The problem:
For each line in the records, produce an exact copy.

*** Opening Data for this task ***

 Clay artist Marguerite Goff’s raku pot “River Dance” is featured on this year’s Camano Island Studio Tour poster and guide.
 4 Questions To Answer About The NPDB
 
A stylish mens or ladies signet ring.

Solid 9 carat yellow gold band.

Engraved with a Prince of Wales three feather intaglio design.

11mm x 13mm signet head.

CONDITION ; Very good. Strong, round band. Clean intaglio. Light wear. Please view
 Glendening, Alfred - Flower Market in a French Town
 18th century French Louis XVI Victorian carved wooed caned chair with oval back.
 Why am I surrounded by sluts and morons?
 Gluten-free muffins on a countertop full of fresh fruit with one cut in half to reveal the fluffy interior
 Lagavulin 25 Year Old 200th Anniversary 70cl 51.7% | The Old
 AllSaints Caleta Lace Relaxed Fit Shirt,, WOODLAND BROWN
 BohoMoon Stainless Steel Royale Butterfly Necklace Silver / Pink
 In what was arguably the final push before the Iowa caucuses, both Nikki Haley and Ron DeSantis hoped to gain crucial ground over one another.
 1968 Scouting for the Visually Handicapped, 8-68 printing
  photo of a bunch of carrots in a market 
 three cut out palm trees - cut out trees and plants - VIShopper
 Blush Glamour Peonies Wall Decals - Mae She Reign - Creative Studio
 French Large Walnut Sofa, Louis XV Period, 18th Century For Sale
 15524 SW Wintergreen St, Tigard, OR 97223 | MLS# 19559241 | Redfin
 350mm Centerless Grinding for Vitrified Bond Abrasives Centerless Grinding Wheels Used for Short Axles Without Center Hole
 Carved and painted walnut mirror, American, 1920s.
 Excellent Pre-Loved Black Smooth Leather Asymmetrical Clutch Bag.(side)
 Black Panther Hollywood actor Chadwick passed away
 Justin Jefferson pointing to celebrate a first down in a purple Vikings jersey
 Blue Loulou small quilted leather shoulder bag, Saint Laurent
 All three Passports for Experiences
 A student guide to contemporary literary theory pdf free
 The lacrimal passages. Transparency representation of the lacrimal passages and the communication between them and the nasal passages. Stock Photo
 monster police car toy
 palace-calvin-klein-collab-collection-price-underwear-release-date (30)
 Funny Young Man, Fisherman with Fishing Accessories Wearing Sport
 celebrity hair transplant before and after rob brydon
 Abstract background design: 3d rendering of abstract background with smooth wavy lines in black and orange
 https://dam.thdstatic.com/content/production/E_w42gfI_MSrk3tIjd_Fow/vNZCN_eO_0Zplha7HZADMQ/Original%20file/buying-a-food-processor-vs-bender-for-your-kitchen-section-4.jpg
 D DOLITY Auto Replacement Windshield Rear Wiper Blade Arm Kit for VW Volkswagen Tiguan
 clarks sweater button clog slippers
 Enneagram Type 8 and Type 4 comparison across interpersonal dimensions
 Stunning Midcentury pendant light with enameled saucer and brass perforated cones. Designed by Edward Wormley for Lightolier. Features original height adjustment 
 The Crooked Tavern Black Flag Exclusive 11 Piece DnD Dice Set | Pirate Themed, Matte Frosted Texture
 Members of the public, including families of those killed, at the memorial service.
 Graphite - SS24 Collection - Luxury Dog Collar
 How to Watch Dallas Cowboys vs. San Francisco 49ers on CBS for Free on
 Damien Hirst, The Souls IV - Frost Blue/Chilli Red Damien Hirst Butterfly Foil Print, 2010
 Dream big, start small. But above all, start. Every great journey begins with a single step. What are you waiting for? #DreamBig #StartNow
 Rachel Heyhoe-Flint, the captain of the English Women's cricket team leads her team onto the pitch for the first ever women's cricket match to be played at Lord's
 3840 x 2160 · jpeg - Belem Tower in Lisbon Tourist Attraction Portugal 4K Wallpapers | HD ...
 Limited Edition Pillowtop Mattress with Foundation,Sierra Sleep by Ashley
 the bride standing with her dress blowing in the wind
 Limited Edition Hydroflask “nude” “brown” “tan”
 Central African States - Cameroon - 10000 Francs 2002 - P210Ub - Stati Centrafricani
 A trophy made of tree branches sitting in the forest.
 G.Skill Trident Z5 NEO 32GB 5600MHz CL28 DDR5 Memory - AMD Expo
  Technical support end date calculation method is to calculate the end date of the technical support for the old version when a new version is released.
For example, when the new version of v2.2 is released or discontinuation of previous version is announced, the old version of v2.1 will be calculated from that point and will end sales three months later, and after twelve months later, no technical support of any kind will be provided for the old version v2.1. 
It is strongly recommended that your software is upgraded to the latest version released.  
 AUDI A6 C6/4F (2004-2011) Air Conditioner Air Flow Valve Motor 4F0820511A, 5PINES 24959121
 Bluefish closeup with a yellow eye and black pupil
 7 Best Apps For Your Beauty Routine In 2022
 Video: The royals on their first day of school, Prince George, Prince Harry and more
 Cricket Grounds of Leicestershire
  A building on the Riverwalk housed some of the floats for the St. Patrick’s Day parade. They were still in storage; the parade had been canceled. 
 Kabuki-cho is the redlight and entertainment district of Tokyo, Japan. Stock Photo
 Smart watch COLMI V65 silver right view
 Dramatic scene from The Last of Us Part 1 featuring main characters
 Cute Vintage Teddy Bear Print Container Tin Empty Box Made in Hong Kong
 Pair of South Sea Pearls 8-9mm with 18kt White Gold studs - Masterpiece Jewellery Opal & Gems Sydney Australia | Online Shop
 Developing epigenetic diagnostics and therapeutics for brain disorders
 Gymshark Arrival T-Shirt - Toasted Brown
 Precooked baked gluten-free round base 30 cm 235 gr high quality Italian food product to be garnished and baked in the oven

*** Closing Data for this task ***

Solution:
 Clay artist Marguerite Goff’s raku pot “River Dance” is featured on this year’s Camano Island Studio Tour poster and guide.
 4 Questions To Answer About The NPDB
 
A stylish mens or ladies signet ring.

Solid 9 carat yellow gold band.

Engraved with a Prince of Wales three feather intaglio design.

11mm x 13mm signet head.

CONDITION ; Very good. Strong, round band. Clean intaglio. Light wear. Please view
 Glendening, Alfred - Flower Market in a French Town
 18th century French Louis XVI Victorian carved wooed caned chair with oval back.
 Why am I surrounded by sluts and morons?
 Gluten-free muffins on a countertop full of fresh fruit with one cut in half to reveal the fluffy interior
 Lagavulin 25 Year Old 200th Anniversary 70cl 51.7% | The Old
 AllSaints Caleta Lace Relaxed Fit Shirt,, WOODLAND BROWN
 BohoMoon Stainless Steel Royale Butterfly Necklace Silver / Pink
 In what was arguably the final push before the Iowa caucuses, both Nikki Haley and Ron DeSantis hoped to gain crucial ground over one another.
 1968 Scouting for the Visually Handicapped, 8-68 printing
  photo of a bunch of carrots in a market 
 three cut out palm trees - cut out trees and plants - VIShopper
 Blush Glamour Peonies Wall Decals - Mae She Reign - Creative Studio
 French Large Walnut Sofa, Louis XV Period, 18th Century For Sale
 15524 SW Wintergreen St, Tigard, OR 97223 | MLS# 19559241 | Redfin
 350mm Centerless Grinding for Vitrified Bond Abrasives Centerless Grinding Wheels Used for Short Axles Without Center Hole
 Carved and painted walnut mirror, American, 1920s.
 Excellent Pre-Loved Black Smooth Leather Asymmetrical Clutch Bag.(side)
 Black Panther Hollywood actor Chadwick passed away
 Justin Jefferson pointing to celebrate a first down in a purple Vikings jersey
 Blue Loulou small quilted leather shoulder bag, Saint Laurent
 All three Passports for Experiences
 A student guide to contemporary literary theory pdf free
 The lacrimal passages. Transparency representation of the lacrimal passages and the communication between them and the nasal passages. Stock Photo
 monster police car toy
 palace-calvin-klein-collab-collection-price-underwear-release-date (30)
 Funny Young Man, Fisherman with Fishing Accessories Wearing Sport
 celebrity hair transplant before and after rob brydon
 Abstract background design: 3d rendering of abstract background with smooth wavy lines in black and orange
 https://dam.thdstatic.com/content/production/E_w42gfI_MSrk3tIjd_Fow/vNZCN_eO_0Zplha7HZADMQ/Original%20file/buying-a-food-processor-vs-bender-for-your-kitchen-section-4.jpg
 D DOLITY Auto Replacement Windshield Rear Wiper Blade Arm Kit for VW Volkswagen Tiguan
 clarks sweater button clog slippers
 Enneagram Type 8 and Type 4 comparison across interpersonal dimensions
 Stunning Midcentury pendant light with enameled saucer and brass perforated cones. Designed by Edward Wormley for Lightolier. Features original height adjustment 
 The Crooked Tavern Black Flag Exclusive 11 Piece DnD Dice Set | Pirate Themed, Matte Frosted Texture
 Members of the public, including families of those killed, at the memorial service.
 Graphite - SS24 Collection - Luxury Dog Collar
 How to Watch Dallas Cowboys vs. San Francisco 49ers on CBS for Free on
 Damien Hirst, The Souls IV - Frost Blue/Chilli Red Damien Hirst Butterfly Foil Print, 2010
 Dream big, start small. But above all, start. Every great journey begins with a single step. What are you waiting for? #DreamBig #StartNow
 Rachel Heyhoe-Flint, the captain of the English Women's cricket team leads her team onto the pitch for the first ever women's cricket match to be played at Lord's
 3840 x 2160 · jpeg - Belem Tower in Lisbon Tourist Attraction Portugal 4K Wallpapers | HD ...
 Limited Edition Pillowtop Mattress with Foundation,Sierra Sleep by Ashley
 the bride standing with her dress blowing in the wind
 Limited Edition Hydroflask “nude” “brown” “tan”
 Central African States - Cameroon - 10000 Francs 2002 - P210Ub - Stati Centrafricani
 A trophy made of tree branches sitting in the forest.
 G.Skill Trident Z5 NEO 32GB 5600MHz CL28 DDR5 Memory - AMD Expo
  Technical support end date calculation method is to calculate the end date of the technical support for the old version when a new version is released.
For example, when the new version of v2.2 is released or discontinuation of previous version is announced, the old version of v2.1 will be calculated from that point and will end sales three months later, and after twelve months later, no technical support of any kind will be provided for the old version v2.1. 
It is strongly recommended that your software is upgraded to the latest version released.  
 AUDI A6 C6/4F (2004-2011) Air Conditioner Air Flow Valve Motor 4F0820511A, 5PINES 24959121
 Bluefish closeup with a yellow eye and black pupil
 7 Best Apps For Your Beauty Routine In 2022
 Video: The royals on their first day of school, Prince George, Prince Harry and more
 Cricket Grounds of Leicestershire
  A building on the Riverwalk housed some of the floats for the St. Patrick’s Day parade. They were still in storage; the parade had been canceled. 
 Kabuki-cho is the redlight and entertainment district of Tokyo, Japan. Stock Photo
 Smart watch COLMI V65 silver right view
 Dramatic scene from The Last of Us Part 1 featuring main characters
 Cute Vintage Teddy Bear Print Container Tin Empty Box Made in Hong Kong
 Pair of South Sea Pearls 8-9mm with 18kt White Gold studs - Masterpiece Jewellery Opal & Gems Sydney Australia | Online Shop
 Developing epigenetic diagnostics and therapeutics for brain disorders
 Gymshark Arrival T-Shirt - Toasted Brown
 Precooked baked gluten-free round base 30 cm 235 gr high quality Italian food product to be garnished and baked in the oven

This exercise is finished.